The equivalence point is reached when the moles of acid react completely with an equal number of moles of base. In this case, since the reaction is 1:1, the moles of ethanoic acid reacting with the moles of potassium hydroxide will be equal.
Since potassium acetate is a salt of a weak acid (ethanoic acid) and a strong base (potassium hydroxide), it will hydrolyze in water to produce hydroxide ions (OH-) and ethanoic acid (CH3COOH). This hydrolysis reaction will lead to an increase in the concentration of hydroxide ions in the titration mixture, resulting in an alkaline pH at the equivalence point.
Therefore, the predicted value of pH at the equivalence point would be greater than 7, indicating an alkaline solution.
(ii) The chemical indicator that can be used for this titration is phenolphthalein. Phenolphthalein is commonly used in acid-base titrations and changes color in the pH range of around 8.2 to 10.0. At the equivalence point, when the solution becomes alkaline due to the hydrolysis of the potassium acetate, phenolphthalein will change from colorless to pink, indicating the completion of the reaction.
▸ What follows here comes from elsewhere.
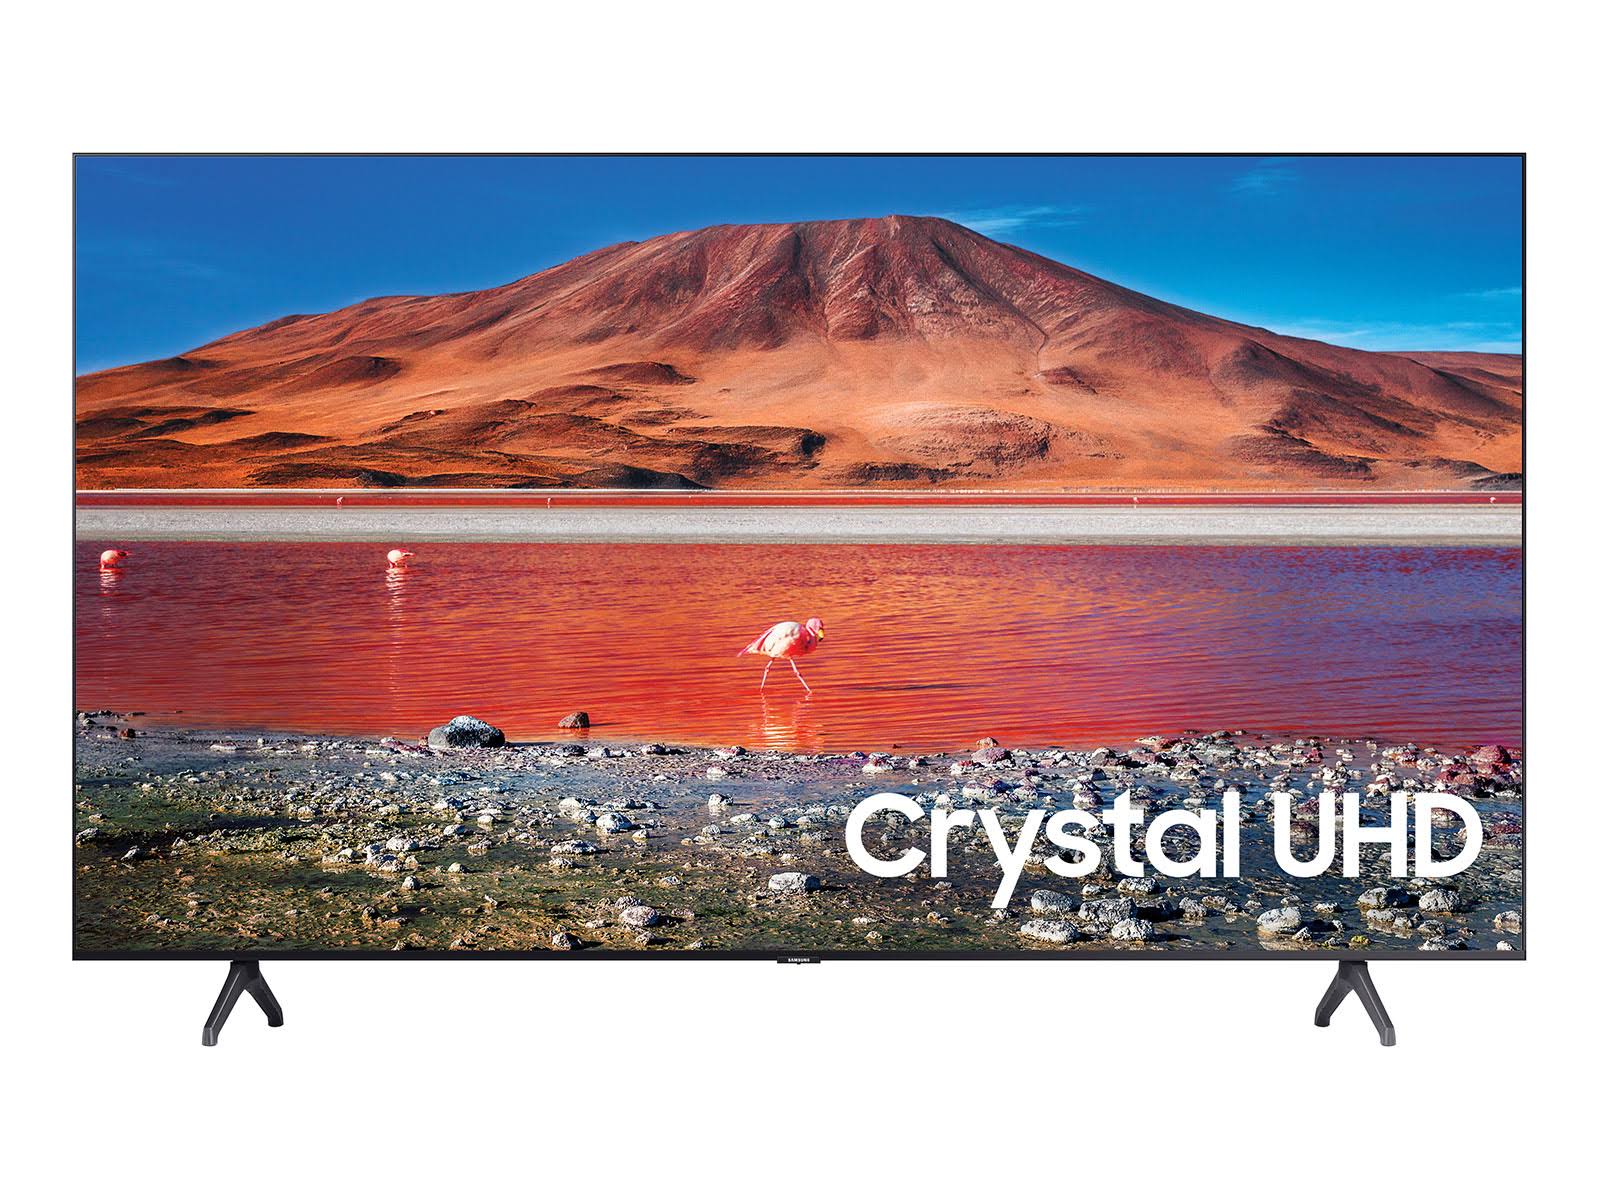 Samsung 43-inch TU-7000 Series Class Smart TV | Crystal UHD - 4K HDR - with Alexa Built-in | UN43TU7000FXZA, 2020 Model

b) (iii) The balanced equation for the reaction of aqueous potassium hydroxide (KOH(aq)) with aqueous ethanoic acid (CH3COOH(aq)) is:
CH3COOH(aq) + KOH(aq) → CH3COOK(aq) + H2O(l)
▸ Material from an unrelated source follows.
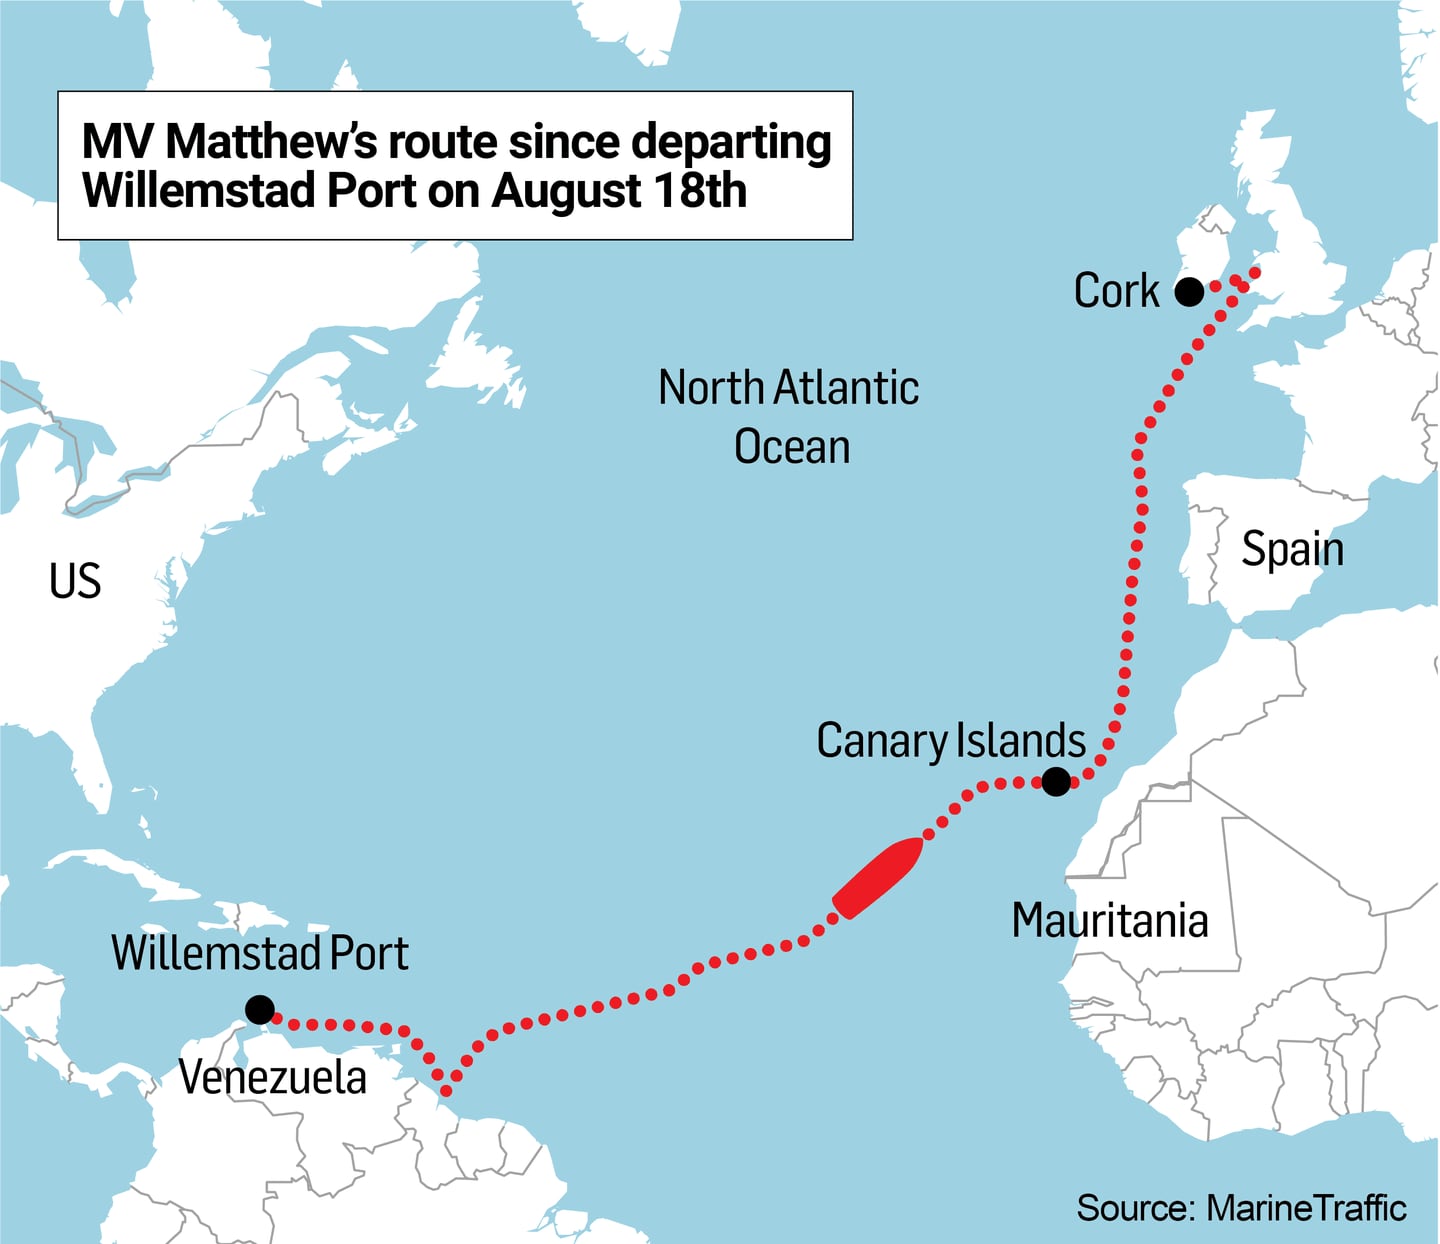 MV Matthew’s route since departing Willemstad Port on August 18th

(iv) To calculate the amount of unreacted aqueous ethanoic acid (CH3COOH(aq)) in the sample taken for titration with aqueous potassium hydroxide (KOH(aq)), we need to use the stoichiometry of the balanced equation and the volume and concentration of KOH used.
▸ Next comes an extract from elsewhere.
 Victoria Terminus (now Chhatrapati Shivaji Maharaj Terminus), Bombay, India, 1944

From the balanced equation, we can see that 1 mole of ethanoic acid reacts with 1 mole of KOH. The volume of KOH used is 25.5 cm3, and the concentration of KOH is 1.00 mol dm-3.
Using the relationship between volume, concentration, and moles (n = V * C), we can calculate the moles of KOH used.
moles of KOH = (25.5 cm3 * 1.00 mol dm-3) / 1000 cm3 = 0.0255 moles
Since the reaction is 1:1, the moles of ethanoic acid present in the sample would also be 0.0255 moles.
Next, we need to convert the moles of ethanoic acid to mass using the molar mass of ethanoic acid (CH3COOH), which is 60.0 g mol-1.
mass of ethanoic acid = 0.0255 moles * 60.0 g mol-1 = 1.53 grams
Therefore, the amount of unreacted aqueous ethanoic acid in the sample taken for titration with KOH is 1.53 grams.
v) To calculate the amount of aqueous ethanoic acid (CH3COOH(aq)) in the sealed flask at equilibrium, we need to consider the volume and concentration of the original ethanoic acid solution, as well as the dilution that occurred due to the addition of ethanol and water.
The initial volume of pure ethanoic acid is 25.0 cm3, and the final volume of the equilibrium mixture is 80.0 cm3 (sum of the volumes of ethanoic acid, ethanol, and water).
Using the formula of dilution (C1V1 = C2V2), we can calculate the concentration of ethanoic acid in the final equilibrium mixture.
Initial concentration of ethanoic acid:
C1 = moles / volume = unknown
Final concentration of ethanoic acid:
C2 = moles / volume = 0.0255 moles / (80.0 cm3 / 1000 cm3/dm3) = 0.319 mol dm-3
Now, we can use the dilution formula to find the initial concentration of ethanoic acid.
C1 * 25.0 cm3 = 0.319 mol dm-3 * 80.0 cm3 / 1000 cm3/dm3
C1 = (0.319 mol dm-3 * 80.0 cm3) / (1000 cm3/dm3 * 25.0 cm3) = 0.255 mol dm-3
Therefore, the initial concentration of aqueous ethanoic acid in the sealed flask at equilibrium is 0.255 mol dm-3.
Assumptions made in the calculation:
- The volume changes due to dilution are negligible compared to the initial volumes.
- The volumes are at room temperature and assume the same density as the substances provided in the data.
It's important to note that this answer is based on the information provided in the question, and any additional information or parameters should be considered if available.